With prom season, graduation, and the start of summer upon us, it’s more important than ever to be aware of teen alcohol abuse—and the very real threat of alcohol poisoning. While most parents are somewhat aware of the dangers of hard drugs, they may become overly comfortable or inadvertently complacent about their teens’ use of alcohol, thinking that drinking is just a right of passage and “not so bad,” especially in comparison to pills and hard drugs.
While telling your teen not to drink is unlikely to keep him or her from doing so, turning a blind eye is not only ignorant—it’s dangerous.

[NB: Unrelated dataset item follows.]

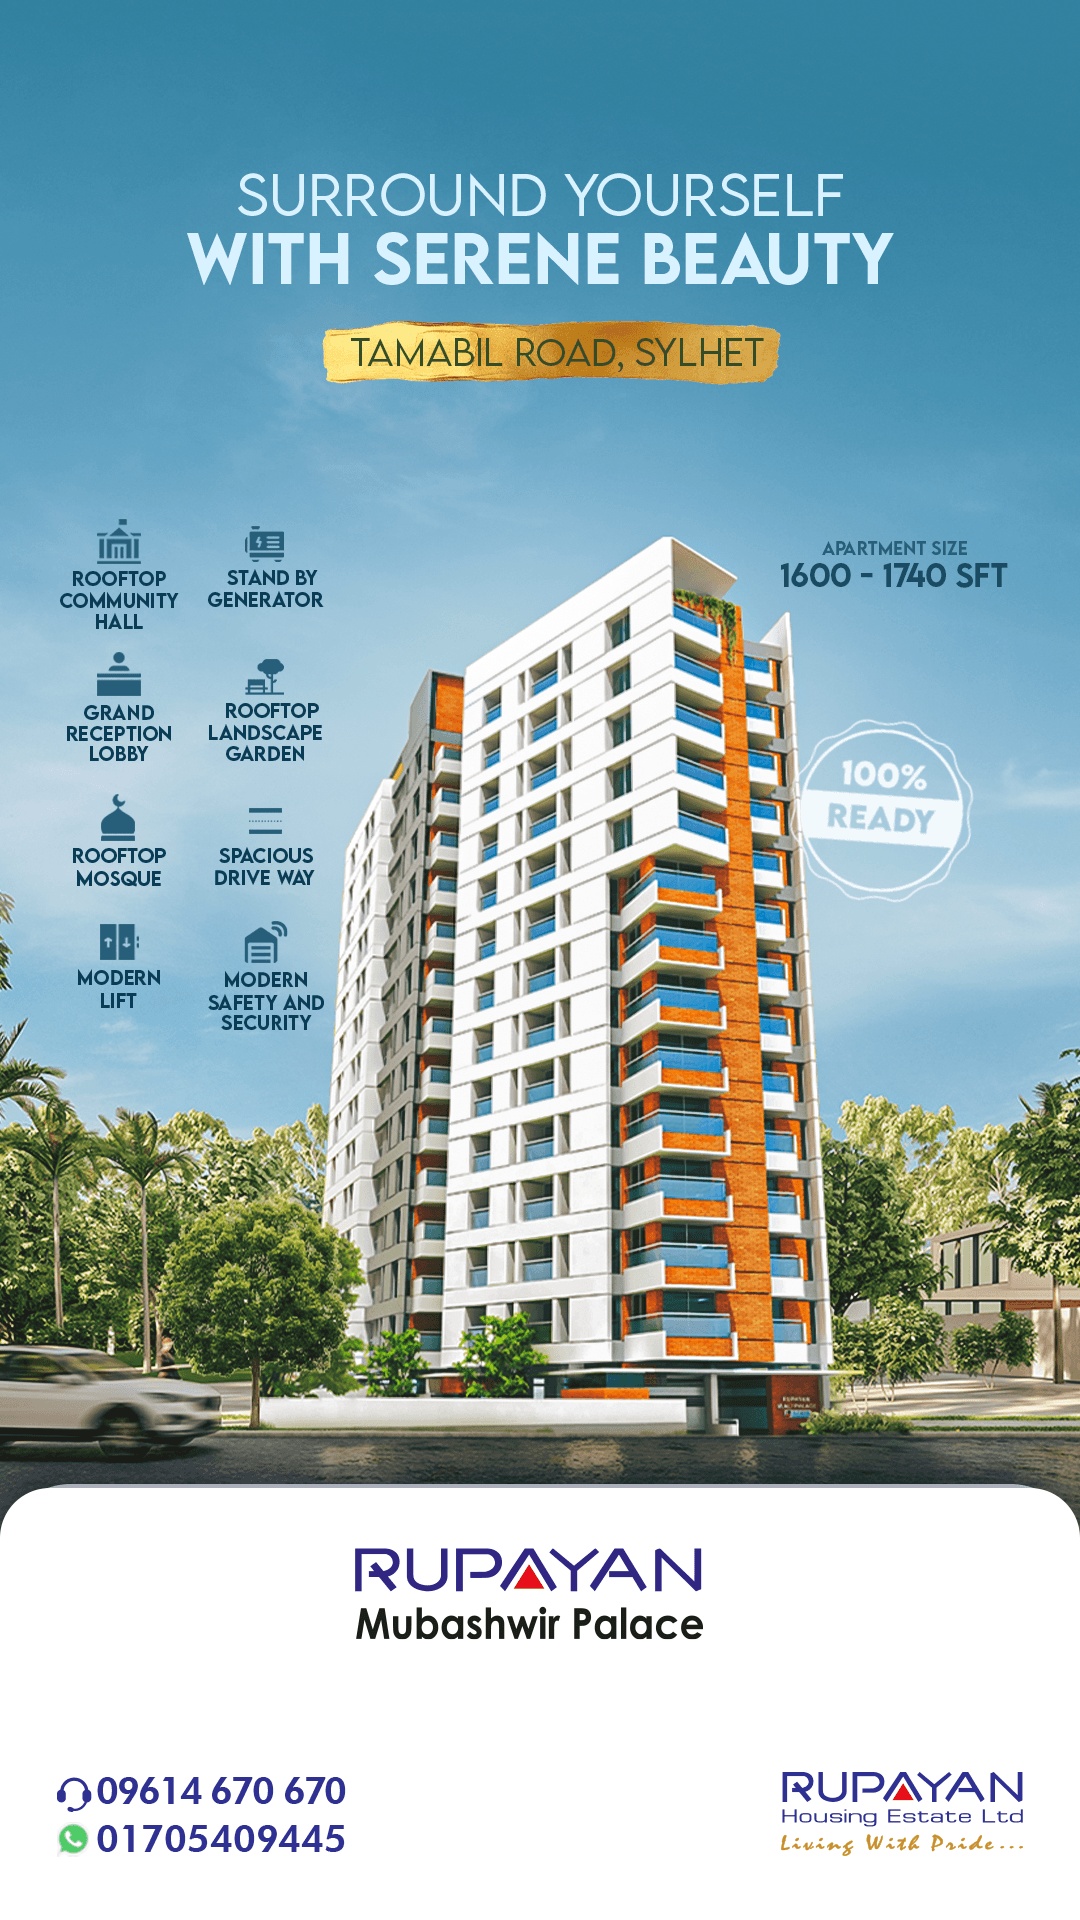 Advertising  real estate housing residential graphic design  properties Social media post marketing   Bangladesh India

Despite what many parents think, it is not safer for teens to drink “at home.” The illusion that kids are safe as long as they’re not drinking and driving is just that—an illusion. According to Anne Duval Frost, PHD, RN, founder and president of Project Community, Inc. (formerly known as Nurses’ Network of America), “People think they’re safe if they drink at home,” but, often, home is where many incidents of alcohol poisoning—which can all too easily become fatal—happen. “It happens at home and at parties, because this is where people tend to binge. The problem is that the body can only detoxify one drink per hour, so if you’re throwing back five shots of vodka, you’re talking five hours to detoxify.”

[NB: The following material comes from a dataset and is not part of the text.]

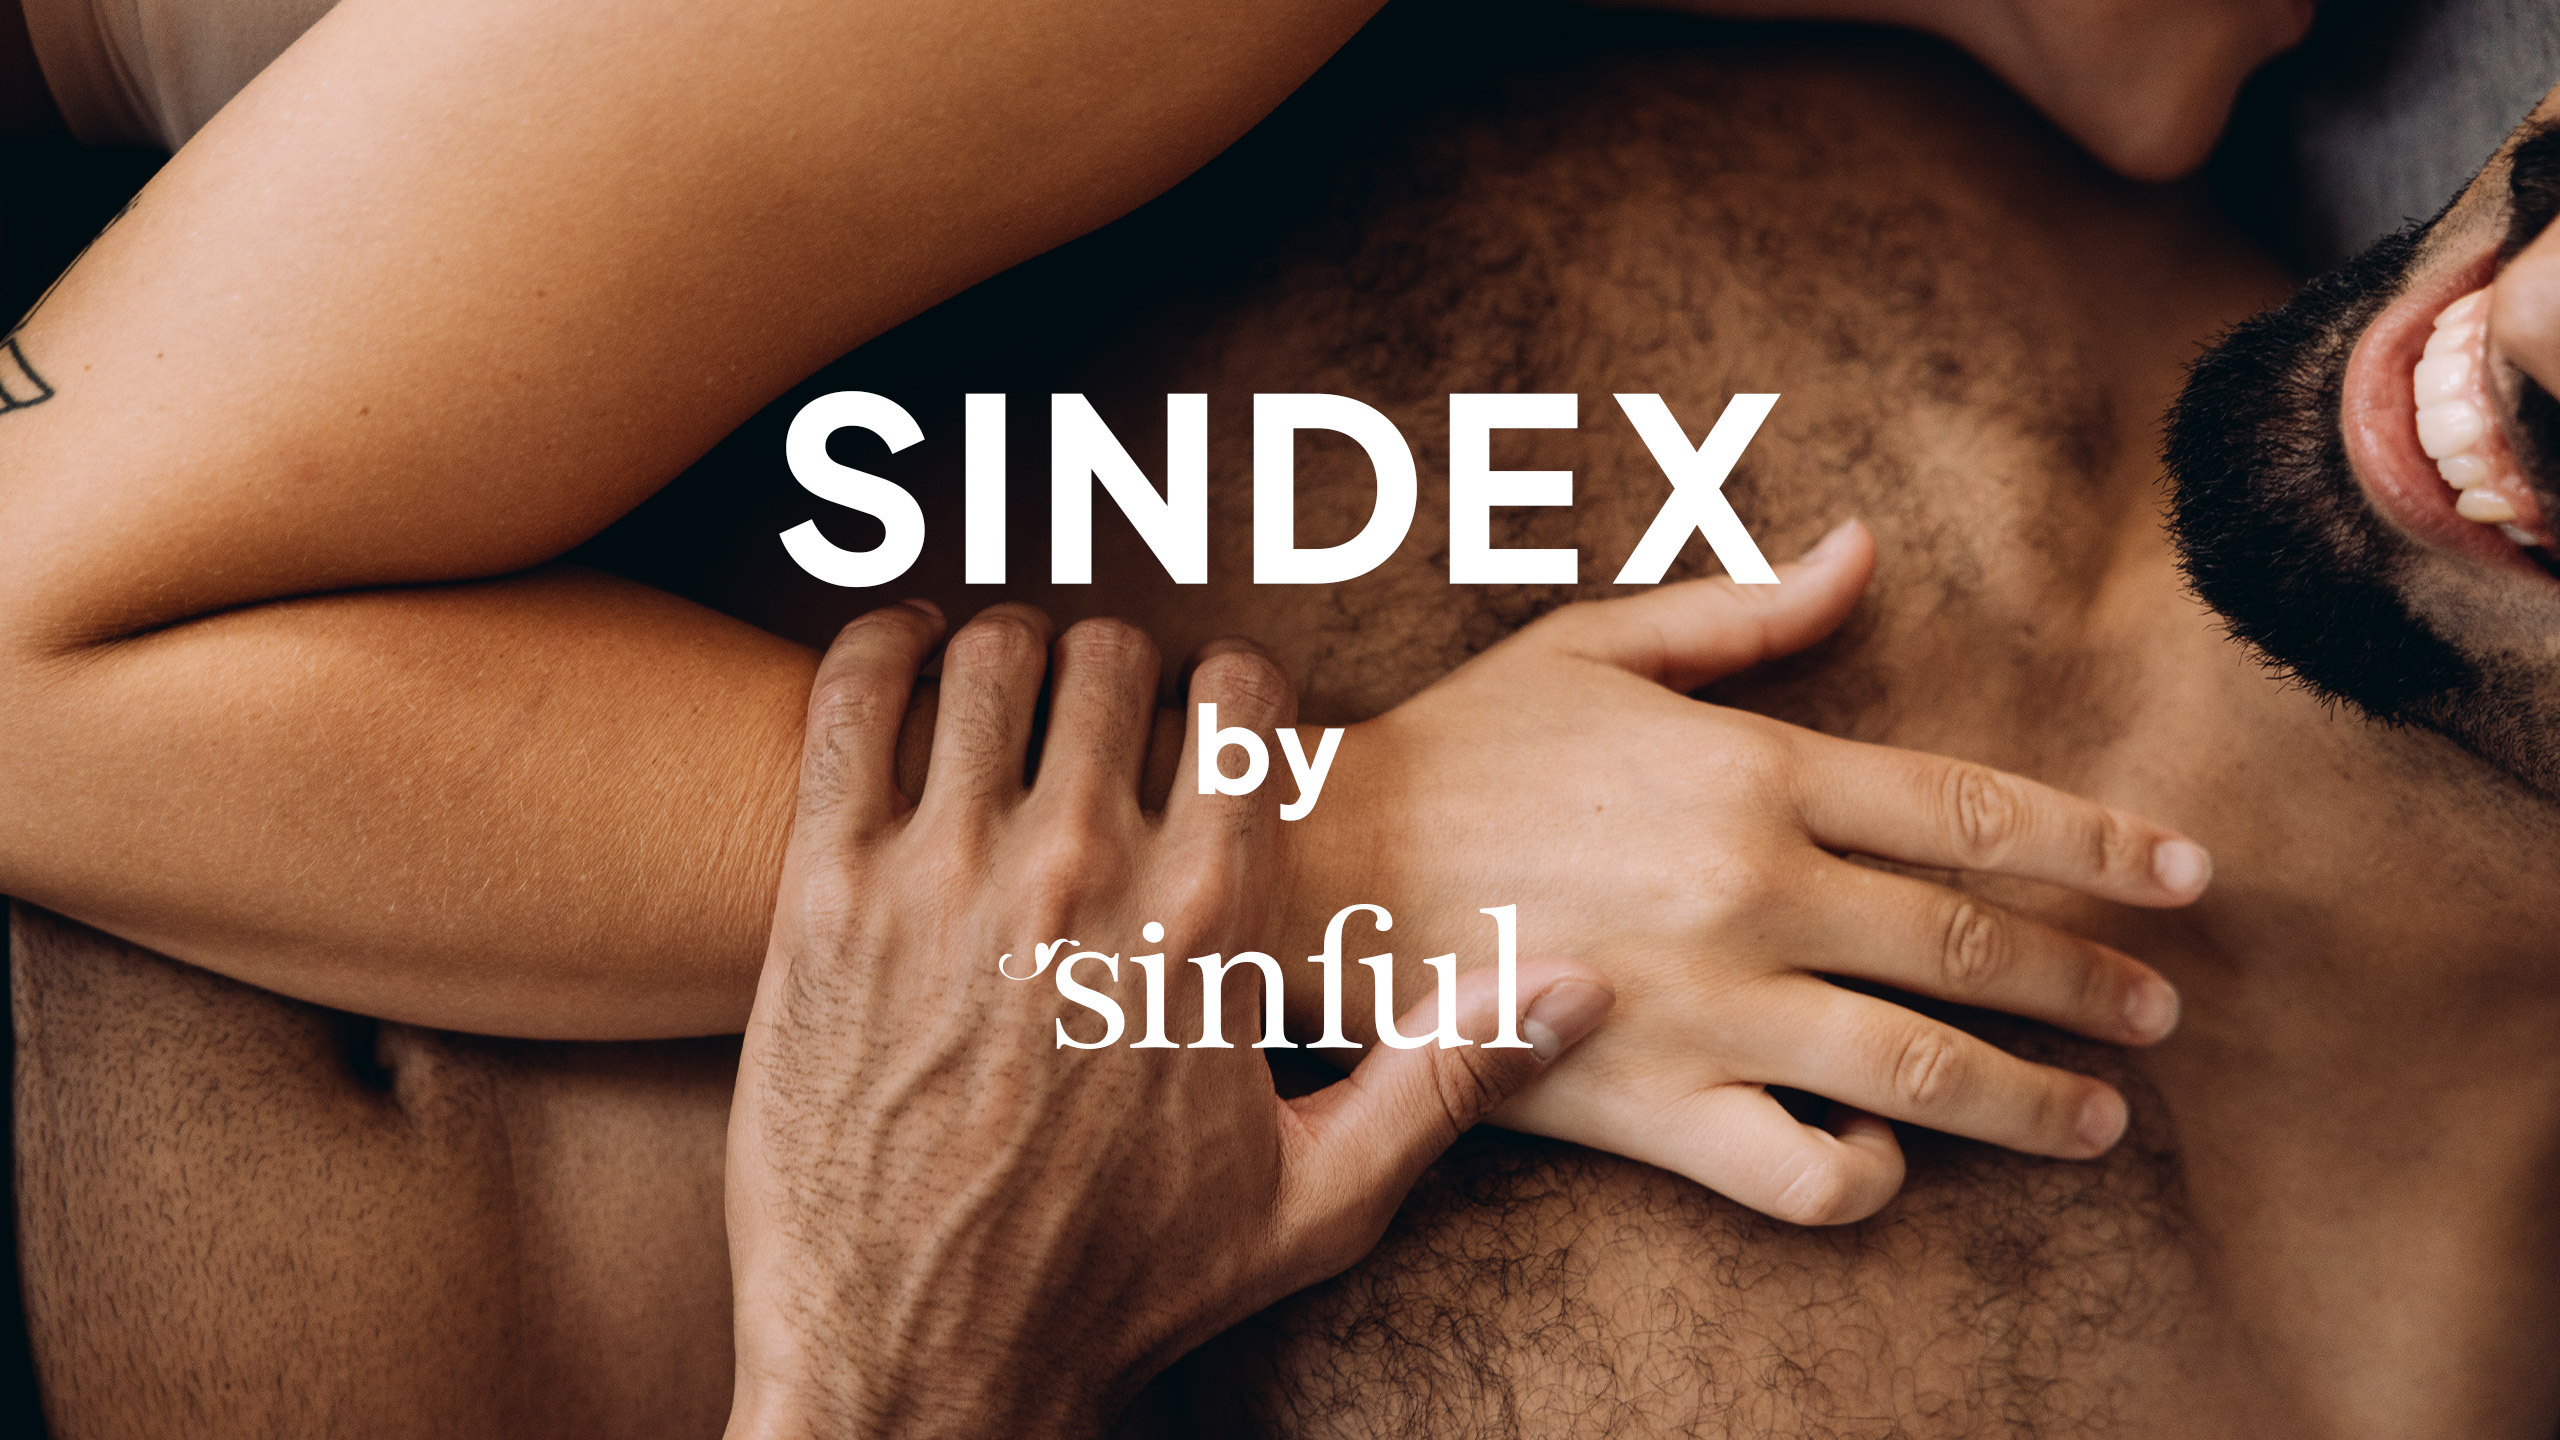 Sindex by Sinful

Unfortunately, once somebody has ingested an amount of alcohol that cannot be detoxified quickly enough, “All the hospital can do is keep them warm and keep them hydrated, but if the liver doesn’t detox in time, they die,” says Frost. “The brain stem controls breathing and cardiac function. If there is too much alcohol, it stops functioning.”
While Ronald Nutovits, MD, FAEP, chairman of Emergency Services at New York Presbyterian/Hudson Valley Hospital, advises that “prevention is best,” if kids do drink, it is paramount that both parents and teens recognize the signs of alcohol poisoning and know how to respond quickly and appropriately. First of all, he cautions, “Never leave your teen—or anyone—alone who is drunk. Make sure he or she can answer questions appropriately, and continue to observe the person to ensure that he or she is getting better, not worse, that he or she is becoming more, not less, alert.” In addition, adds Nutovits, “Alcohol is a caustic agent, so vomiting is common. The problem with vomiting is that a person who is very drunk may lose their gag reflex and aspirate. Don’t let them go to sleep because you don’t know if they’re getting worse. If they are vomiting, lay them down on their side with the head turned to the side so that the vomit comes to the side. Don’t let them lie on their back or stomach.”
Frost agrees: “Because there is no gag reflex, the vomit can go into your lungs. A lot of people think that hot coffee will sober up someone who’s drunk but, again, because there’s no gag reflex, the liquid can go into your lungs and you can literally drown.”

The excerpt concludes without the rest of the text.